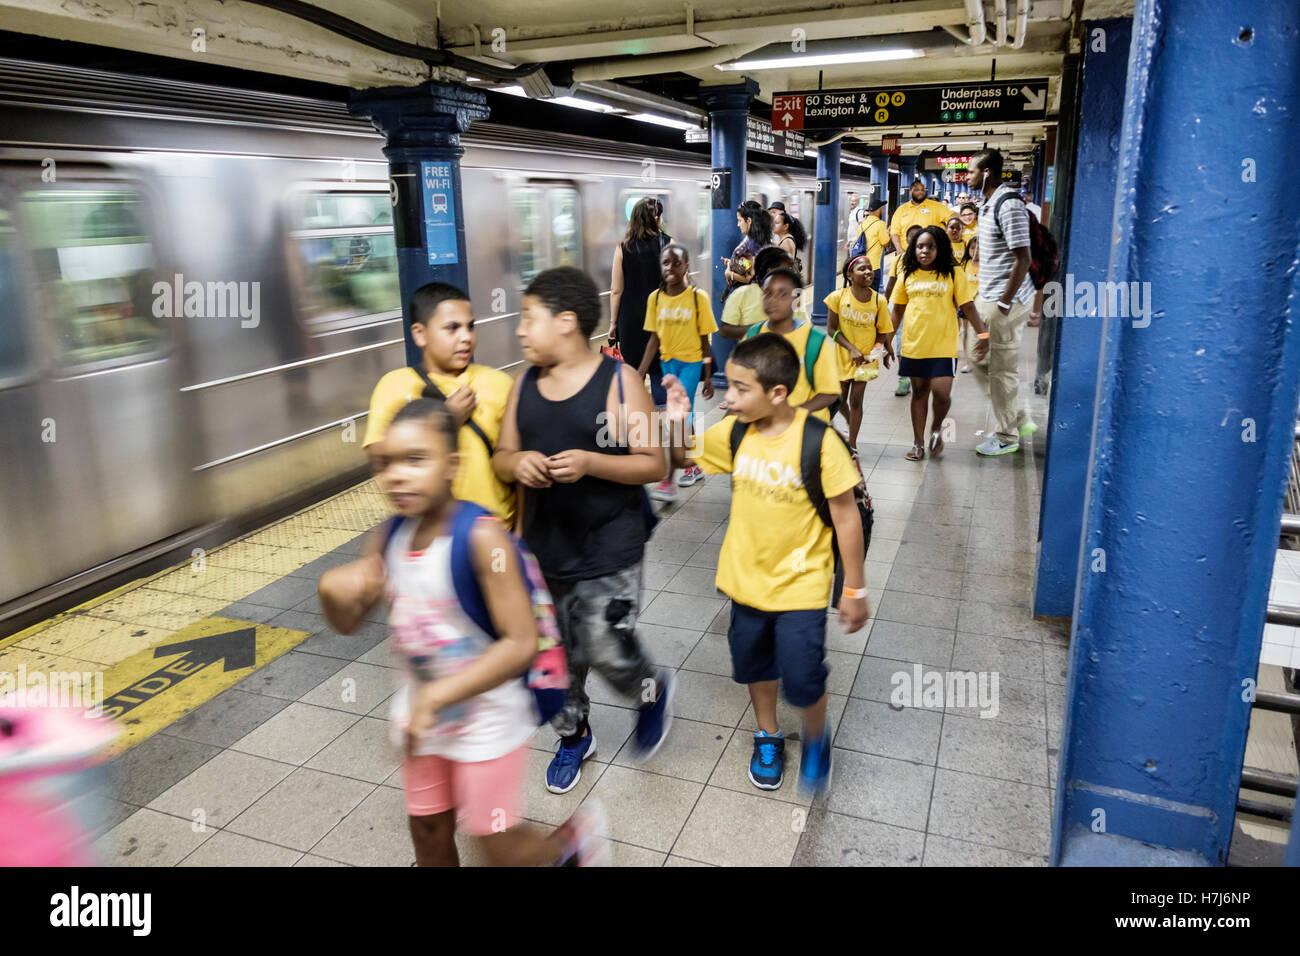 Manhattan New York City NYC NY Upper East Side subway MTA public transportation 59 Street Lexington Avenue station Stock Photo
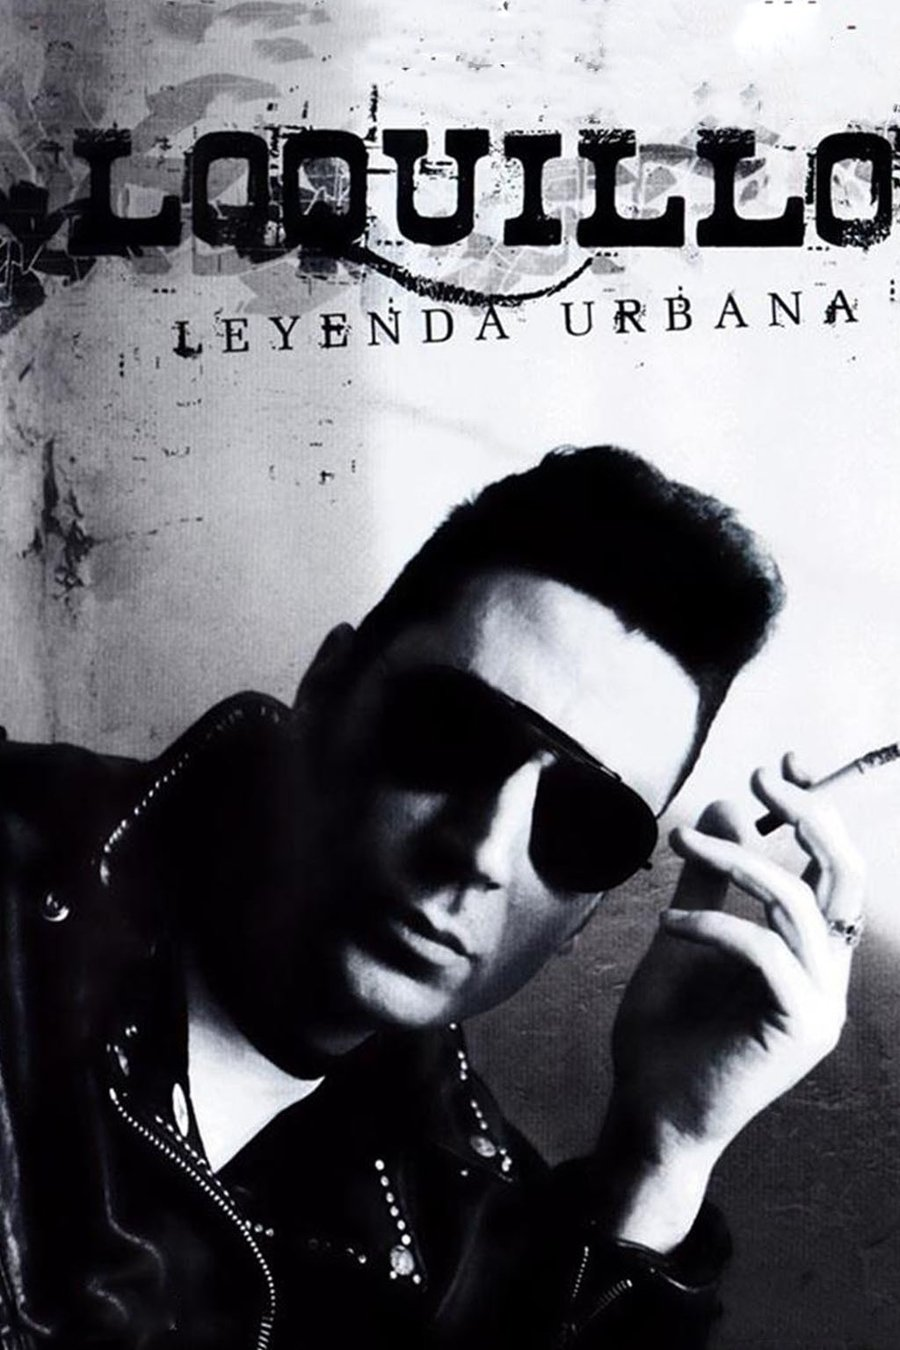 Loquillo leyenda urbana
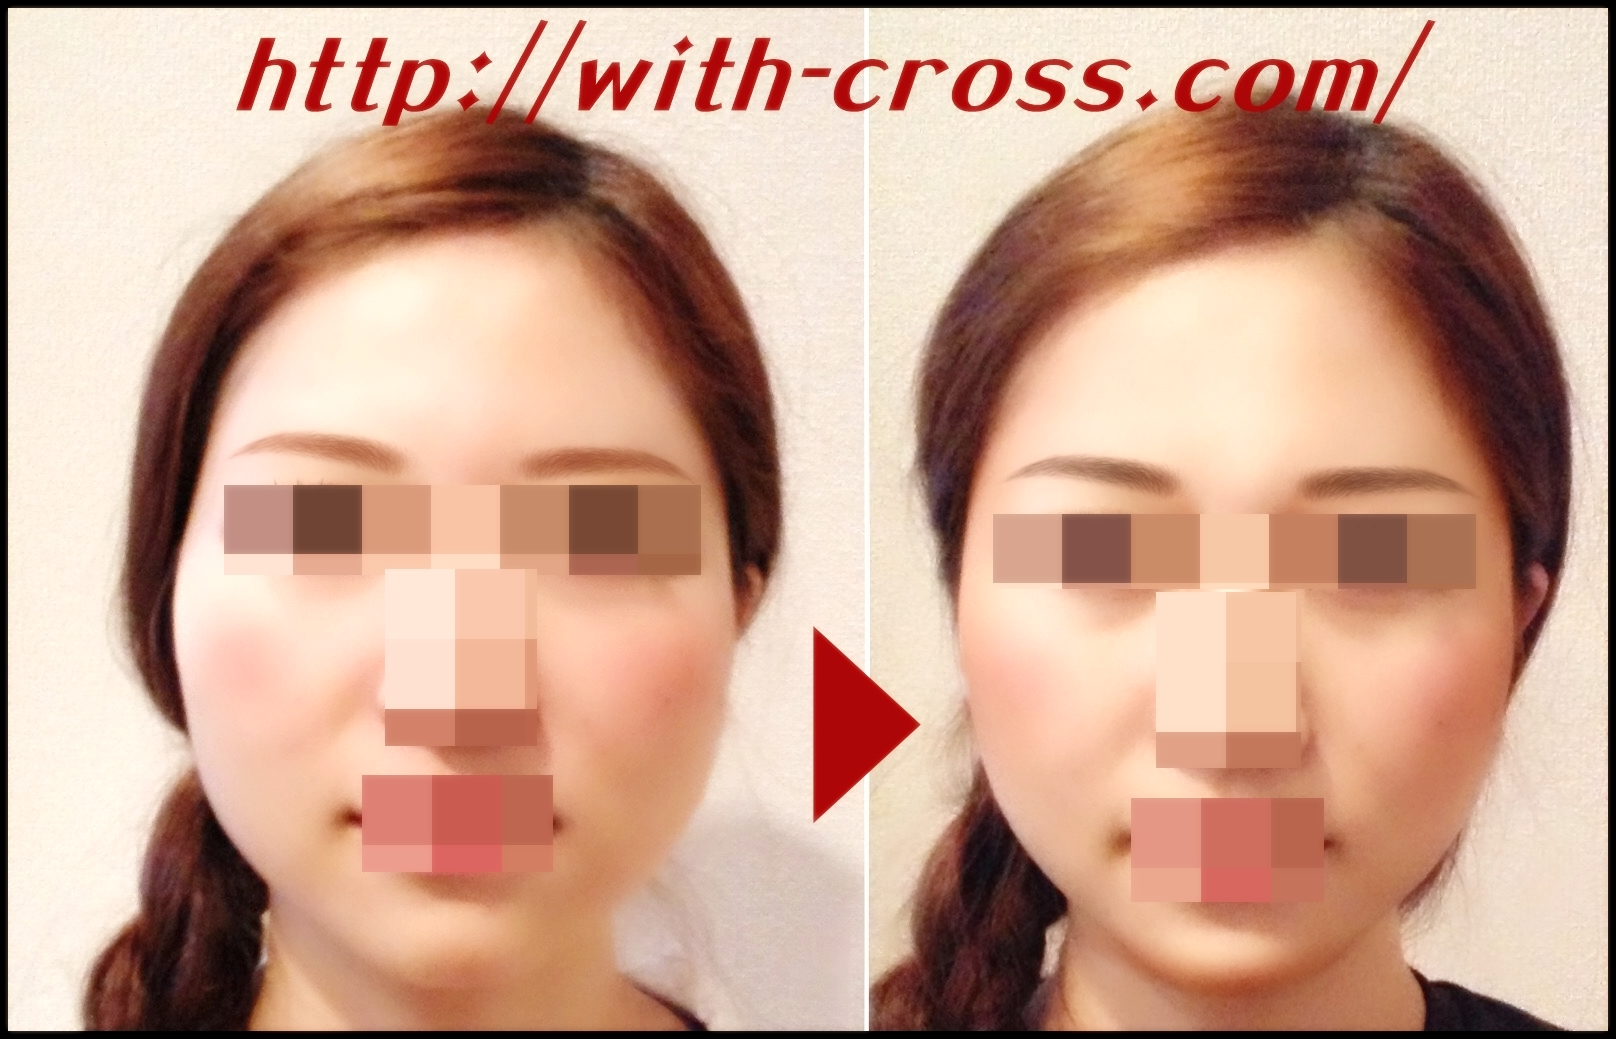 crossfacebeforeafter

» Activity
What you produce should repeat the data word for word while omitting all images.

» Written response
 Manhattan New York City NYC NY Upper East Side subway MTA public transportation 59 Street Lexington Avenue station Stock Photo
 Loquillo leyenda urbana
 crossfacebeforeafter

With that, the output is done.